### [TASK INSTRUCTIONS]
Pictures excluded, copy all of the data below exactly.

### [DATASET CONTENT]
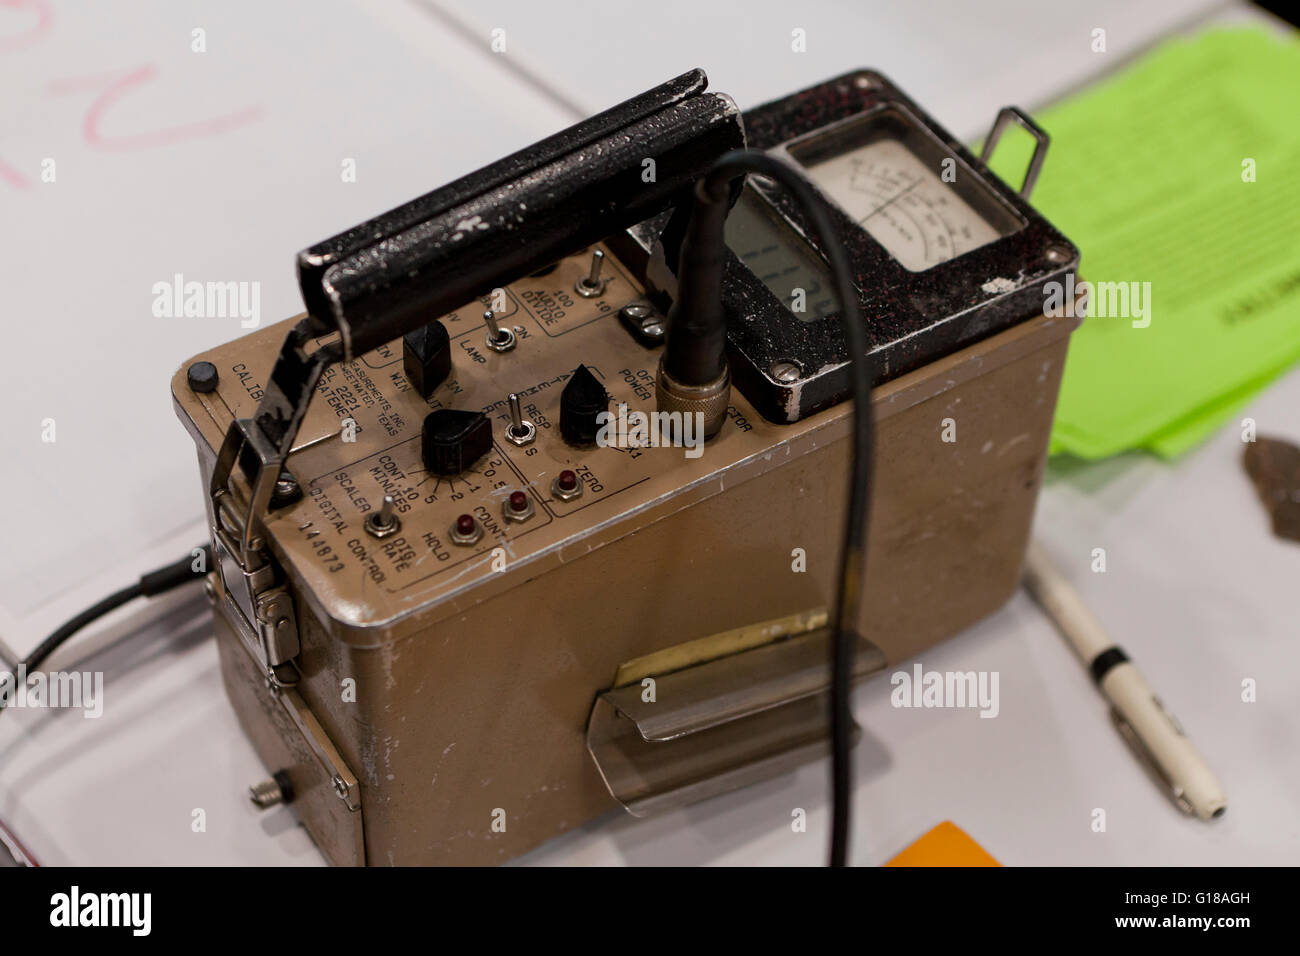 Vintage modello Ludium 2221 Scaler radiazione rateometro (contatore Geiger) - USA Foto Stock
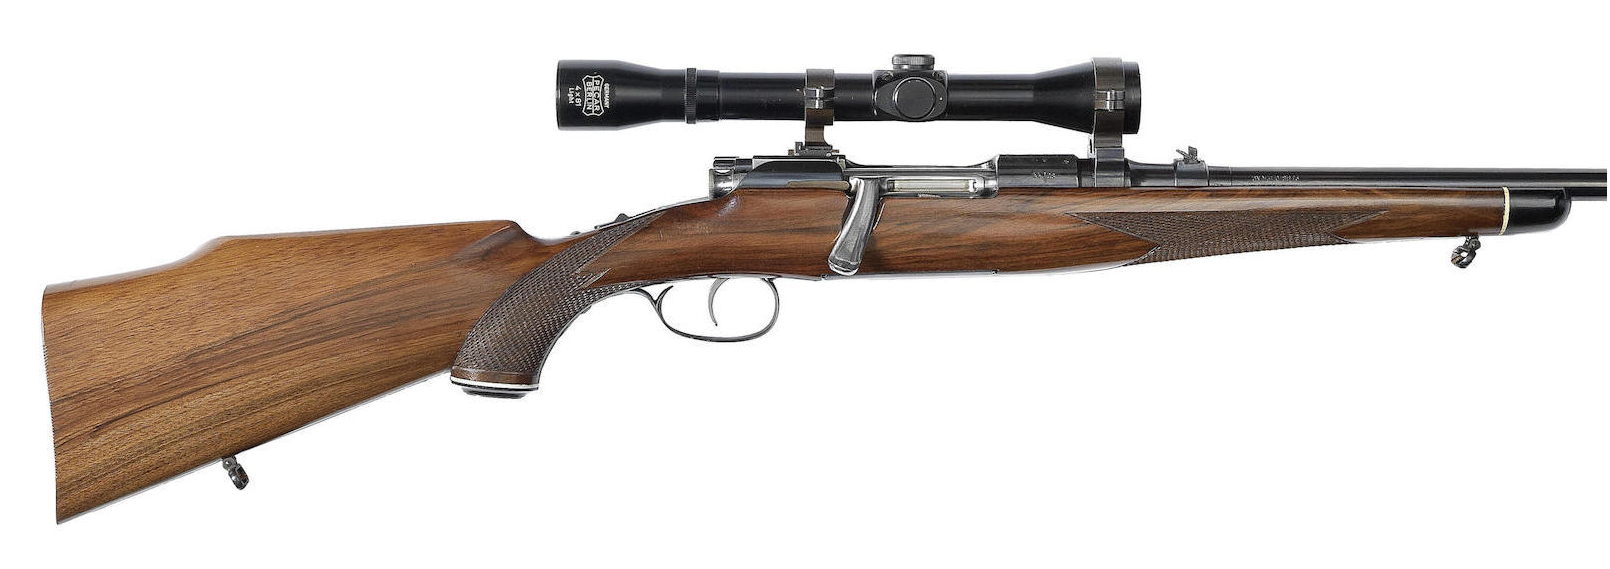 Mannlicher-Schönauer Rifles for Sale-1-MCA-270win
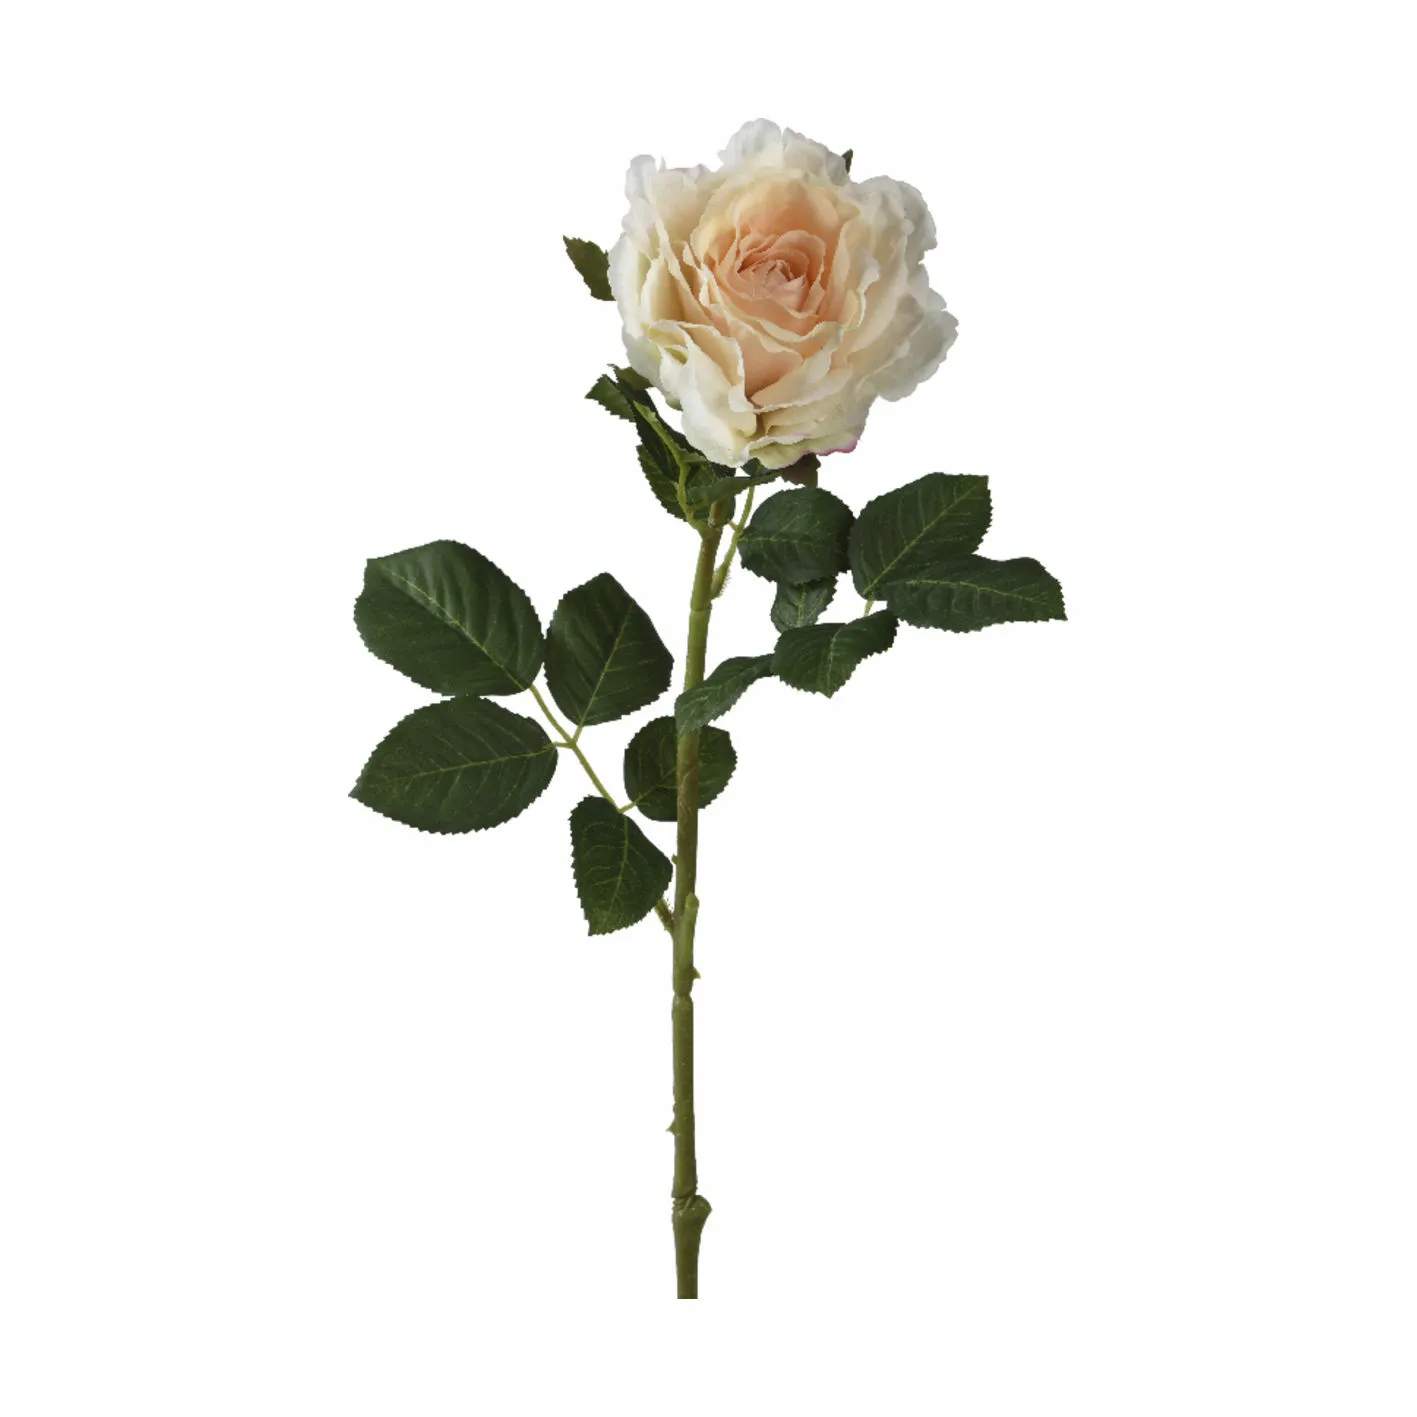 Kunstig Blomst - Rose, fersken, large

### [RESULT OF THIS TASK]
 Vintage modello Ludium 2221 Scaler radiazione rateometro (contatore Geiger) - USA Foto Stock
 Mannlicher-Schönauer Rifles for Sale-1-MCA-270win
 Kunstig Blomst - Rose, fersken, large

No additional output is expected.